“Use mine, dear.”
CHAPTER XXVIII
On the night before they sailed for France, long after she had gone to bed Ethel came out in her wrapper into the warm dark living-room. There was something she had forgotten to do, and she wanted to get it off her mind. She switched on the light by the doorway, and looked about her smiling, but with a little shiver, too.
The ghost was gone—or nearly so. Already the room had been stripped bare. Only Ethel’s desk was left, and a chair or two and the long, heavy table with a lamp at either end. Amy’s picture was still on the table, but it lay now on its back and looked up at the ceiling as though it knew it must soon depart. Tomorrow the movers would finish their work. Soon somebody else’s things would be here, and somebody else’s life would pour in and fill the room and make it new. Somebody else. What kind of a woman? Another Amy, or Fanny Carr, or Sally Crothers or Mrs. Grewe? What a funny, complicated town.
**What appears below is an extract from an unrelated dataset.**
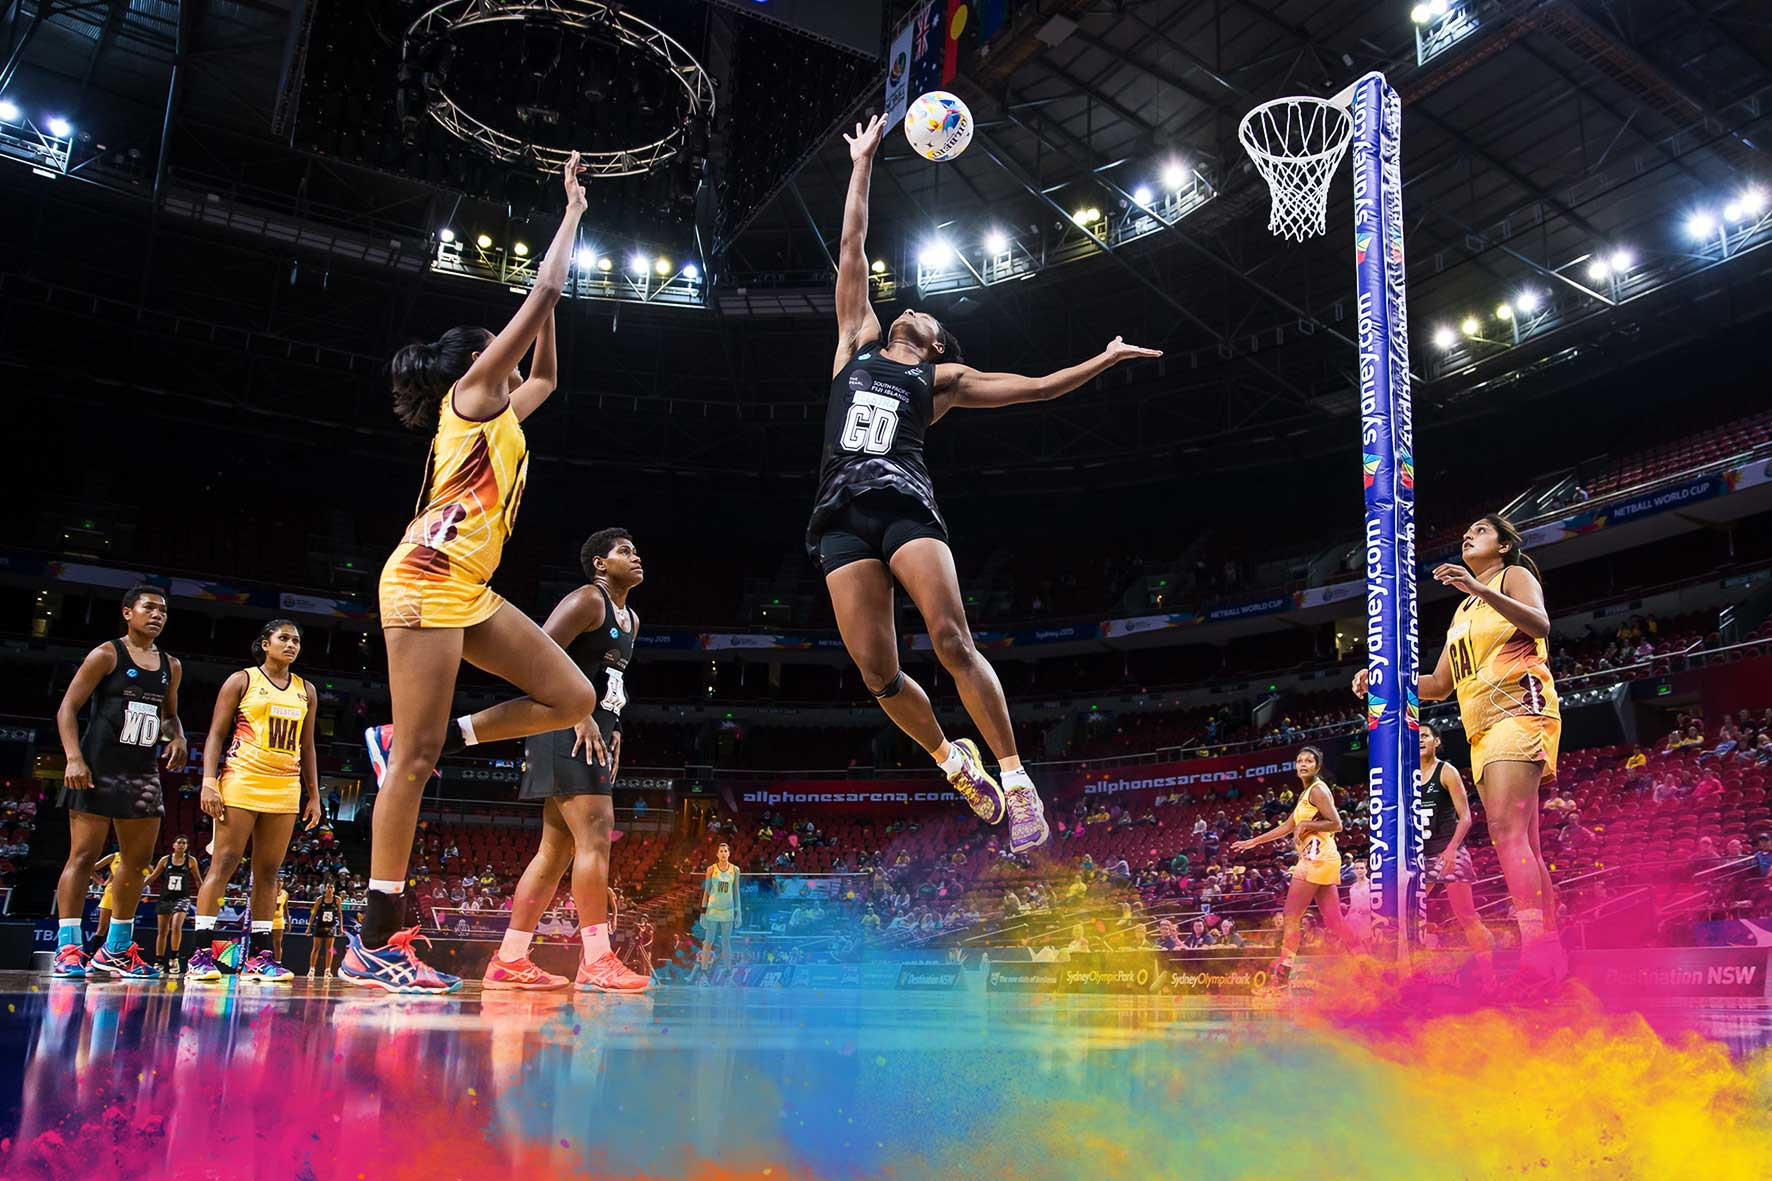 Dance, music, projections and pyrotechnics will be witnessed by an arena audience of more than 6,000 people and an international TV audience of hundreds of thousands during the Opening Ceremony for the Netball World Cup in Liverpool ©NWC2019

On her return a year from now, Ethel had already decided to take a small house near Washington Square. How long would that experiment last! Doubtless in the years ahead she would try other homes, one after the other. “Why do we move so in New York!” She thought of that plan of her husband’s for the future city street, with long rows on either hand of huge apartment buildings with receding terraces, numberless hanging gardens looking into the street below. And she wondered whether the city would ever be anything like that? “In New York all things are possible.” . . .
“However.” Ethel went to her desk and rummaged for paper, pen and ink. Then she took out of a cubby-hole a bulky letter and read it through. It was the “round-robin” come again on its annual journey over the land. It had been in a lonely mining camp, on a cattle ranch, in a mill town and in cities large and small. There were many kinds of handwriting here, and widely different stories of the growth, the swift unfolding, of the lives of a new generation of women. “Girls like me.” She read it through.
Then she took up her pen and began to write swiftly:
“I have been here for over three years—but it was hard to write before, because everything was far from clear.” She stopped and frowned. “How much shall I tell them?” An eagerness to be frank and tell all was mingled with that feeling of Anglo-Saxon reticence which had been bred in Ethel’s soul back in the town in Ohio. “Besides, I haven’t time,” she thought.
“I feel,” she wrote, “as though I were just out of danger—barely out. In danger, I mean, of nervously dashing about after nothing until I got wrinkled and old at forty—nerves in shreds. I might have done that. I have met a nerve specialist lately—and the stories he has told me about women in this town!